*Exercise brief:* Provide an exact copy of the data, excluding the images.

*Provided data:*
[Start of Attachment]
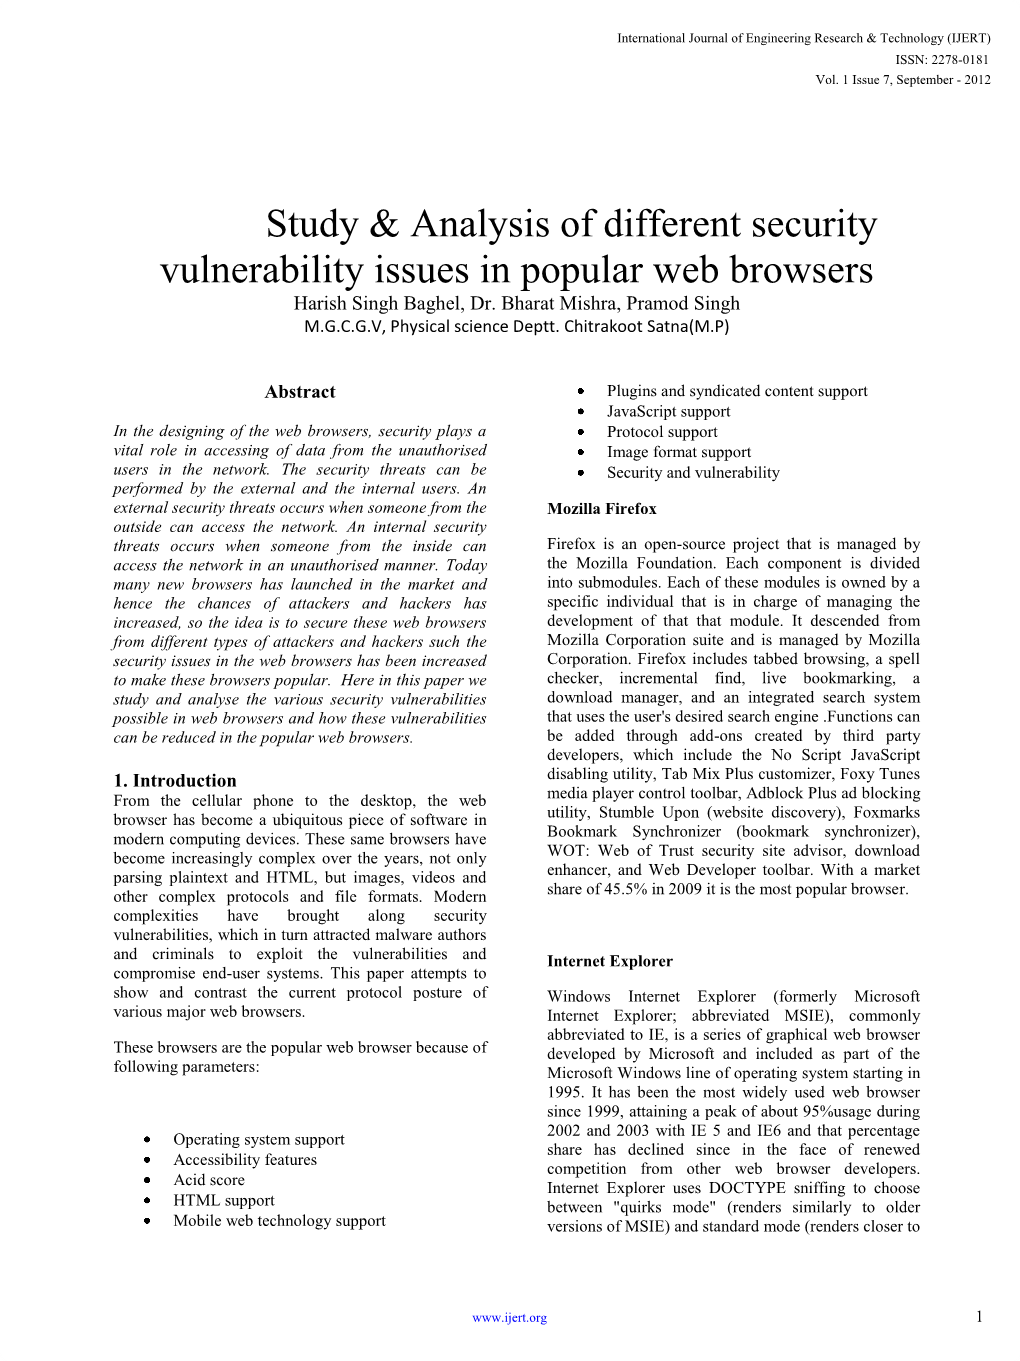 Study & Analysis of Different Security Vulnerability Issues in Popular Web
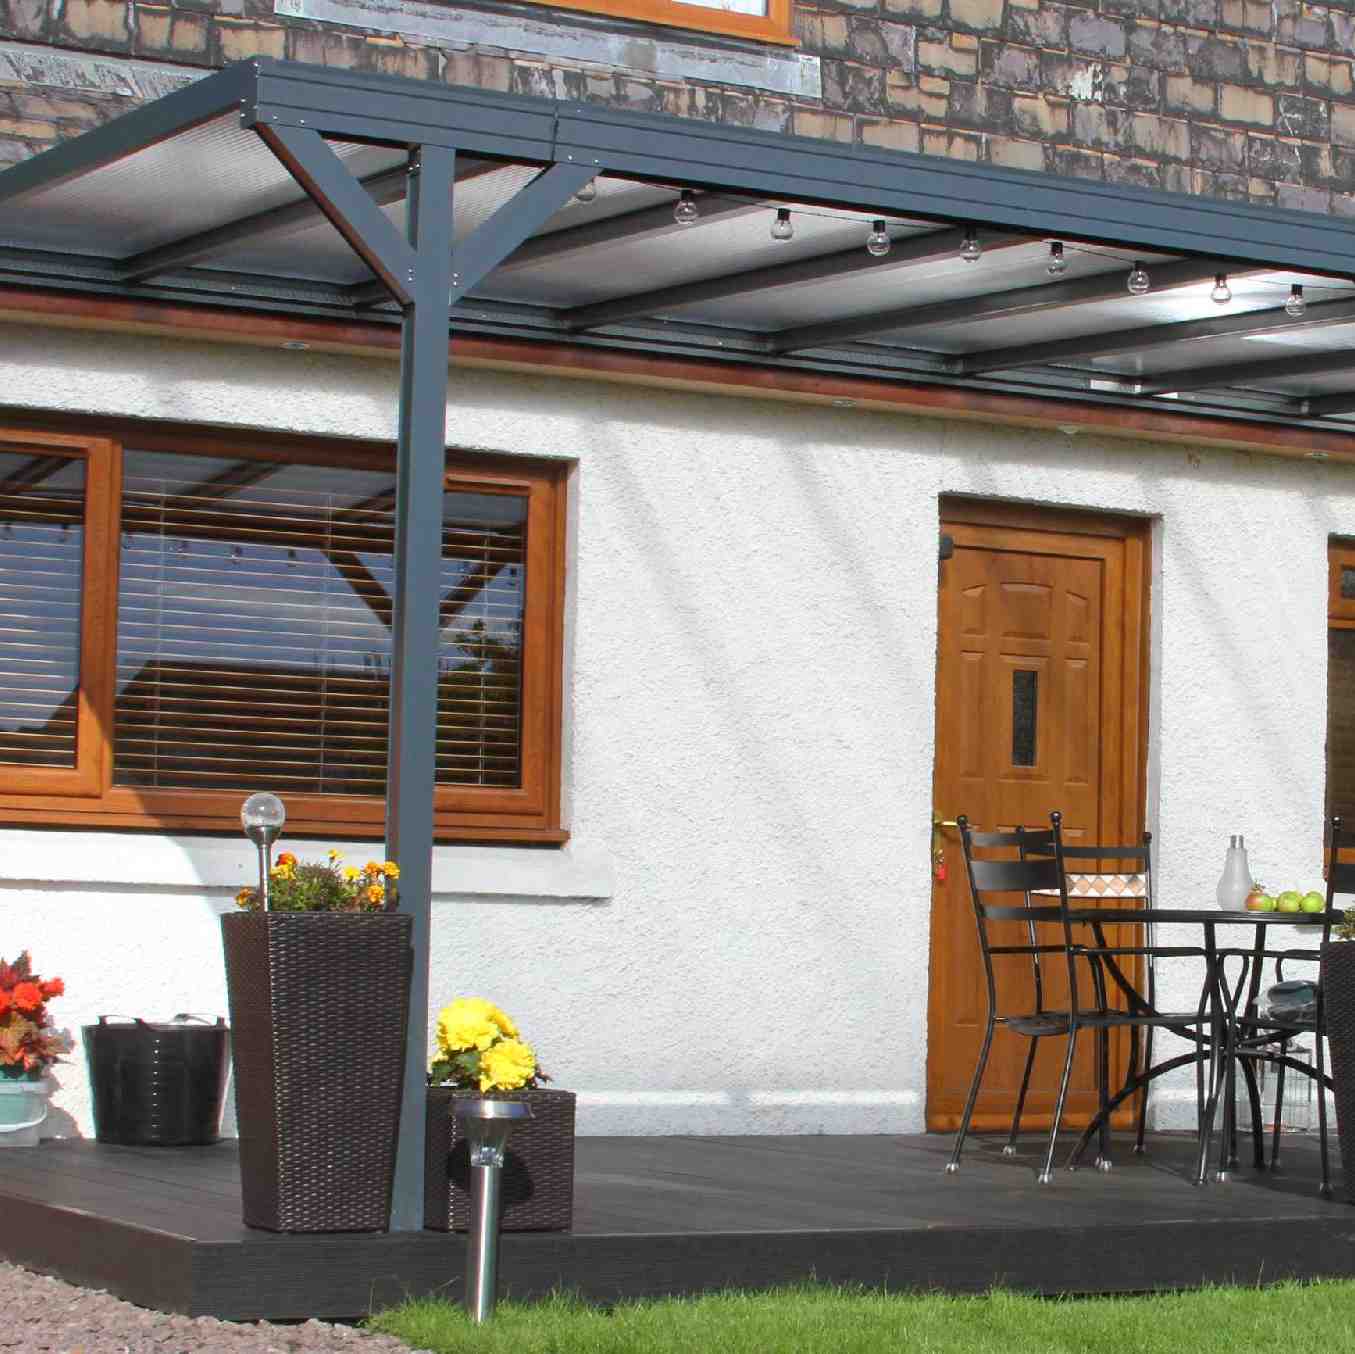 Omega Verandah, Anthracite Grey, 6mm Glass Clear Plate Polycarbonate Glazing - 9.0m (W) x 4.0m (P), (4) Supporting Posts
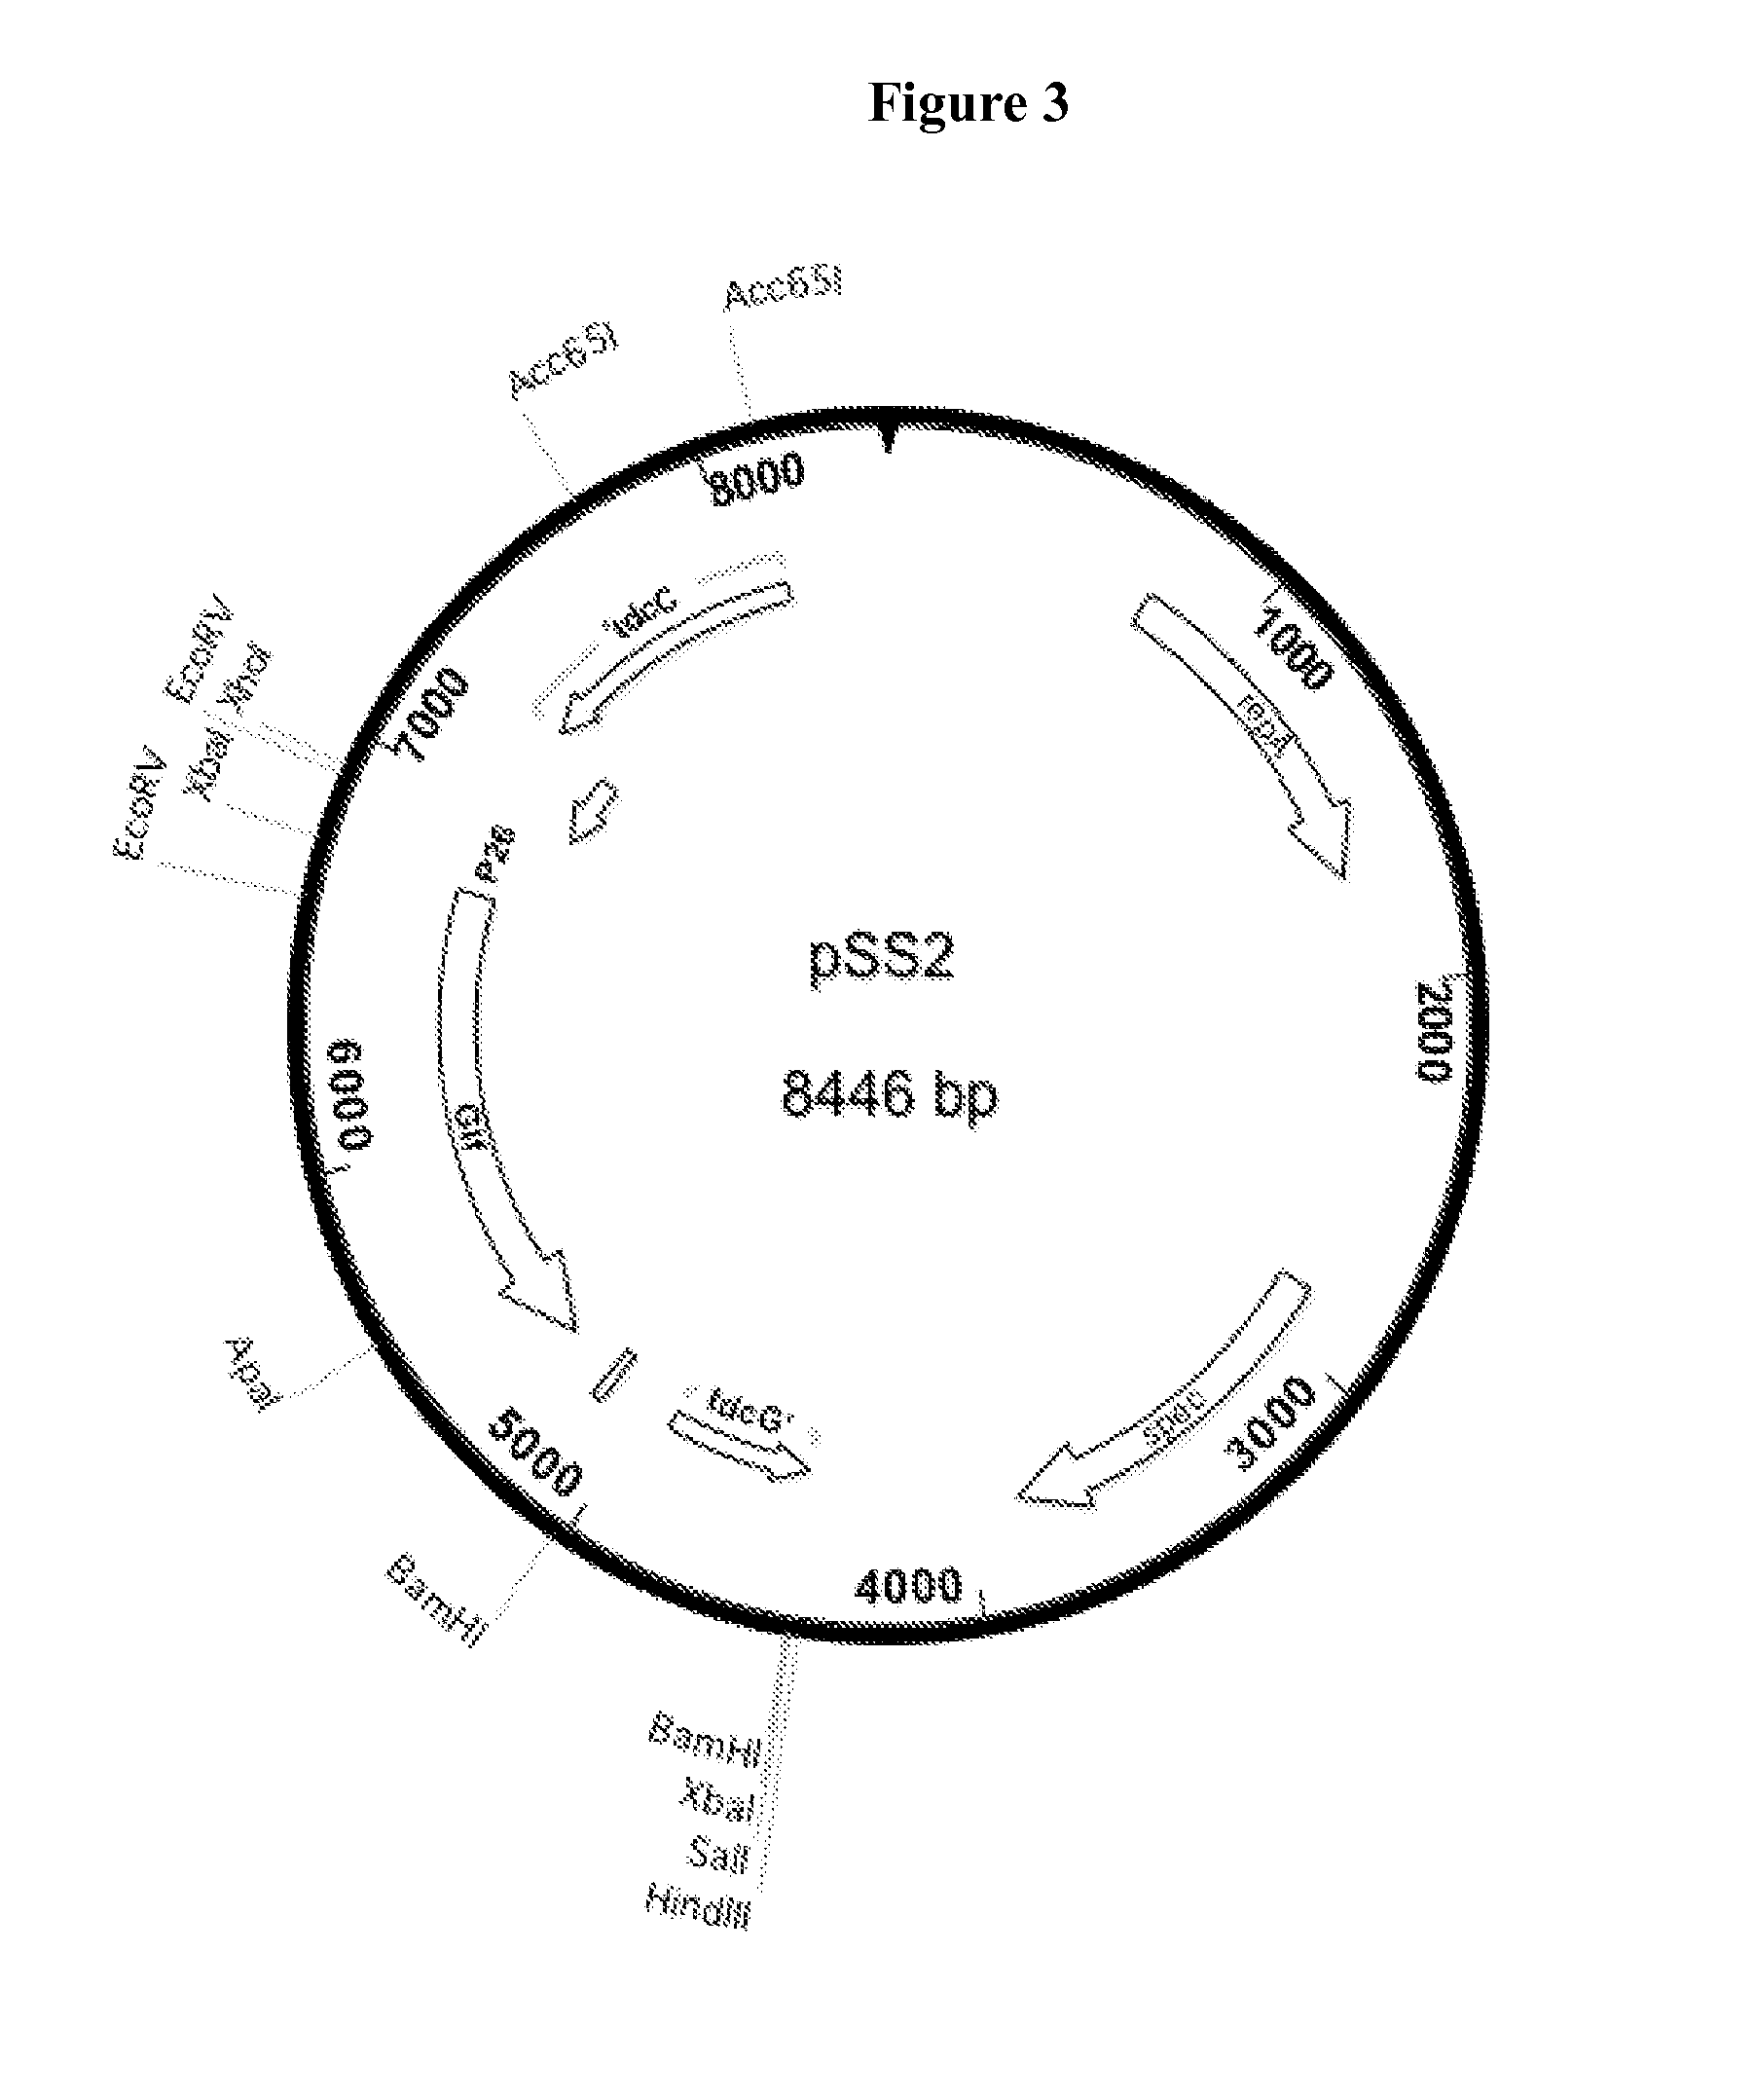 Method of producing succinic acid and other chemiclas using facilitated diffusion for sugar import
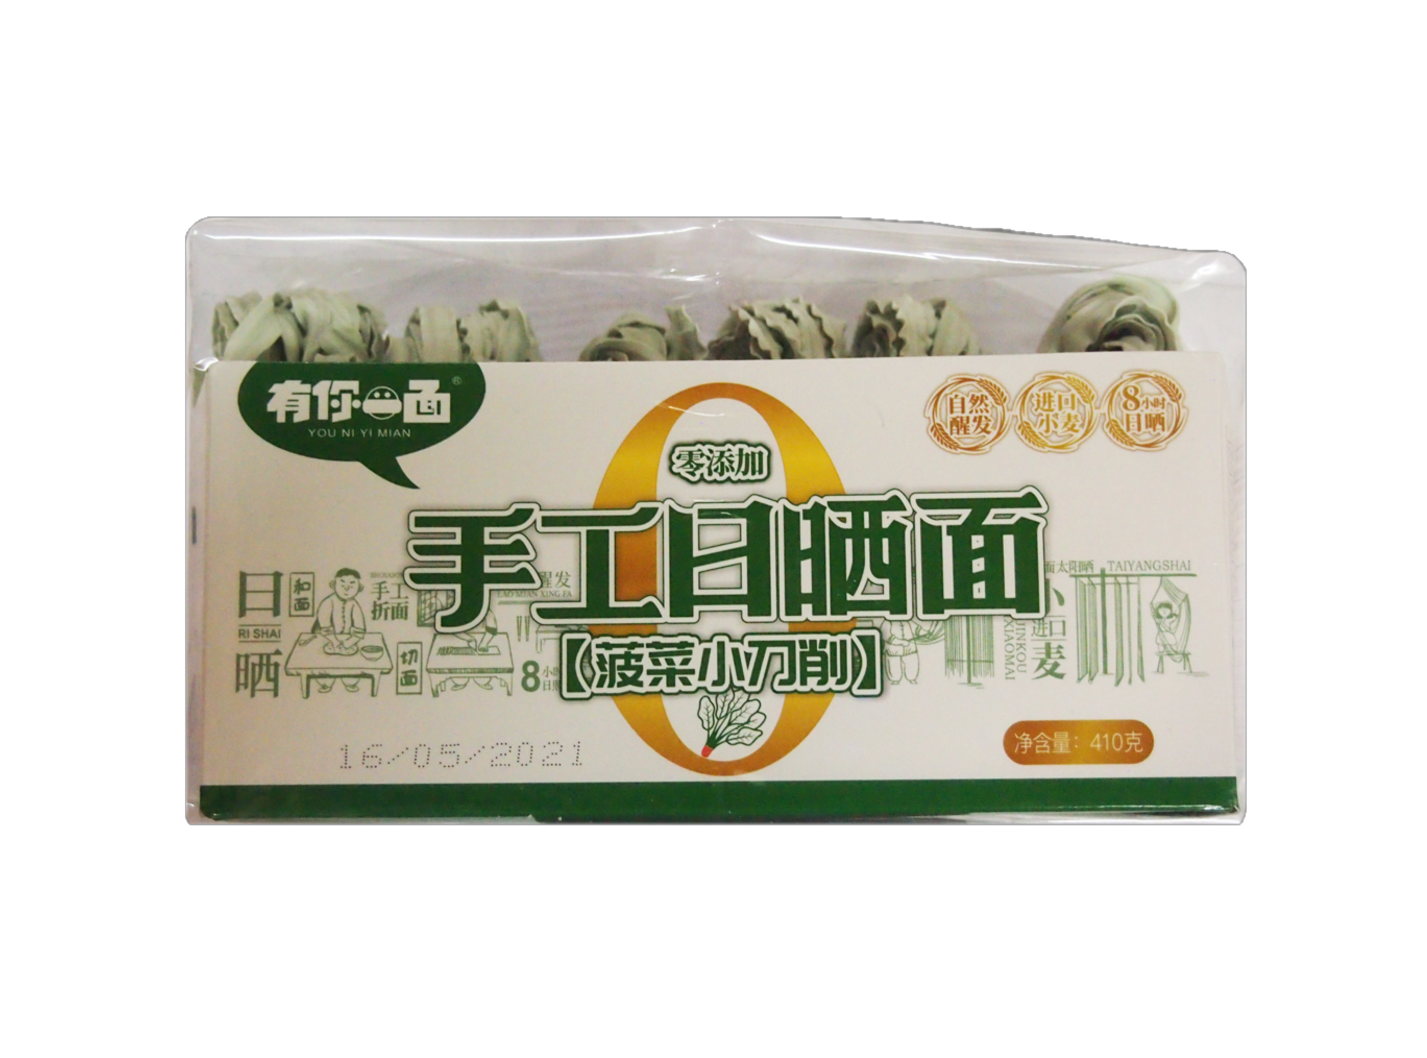 You Ni Yi Mian  Dried sliced noodle spinach flavour (徽记油泥一面菠菜切面)
[End of Attachment]
*Written answer:*
 Study & Analysis of Different Security Vulnerability Issues in Popular Web
 Omega Verandah, Anthracite Grey, 6mm Glass Clear Plate Polycarbonate Glazing - 9.0m (W) x 4.0m (P), (4) Supporting Posts
 Method of producing succinic acid and other chemiclas using facilitated diffusion for sugar import
 You Ni Yi Mian  Dried sliced noodle spinach flavour (徽记油泥一面菠菜切面)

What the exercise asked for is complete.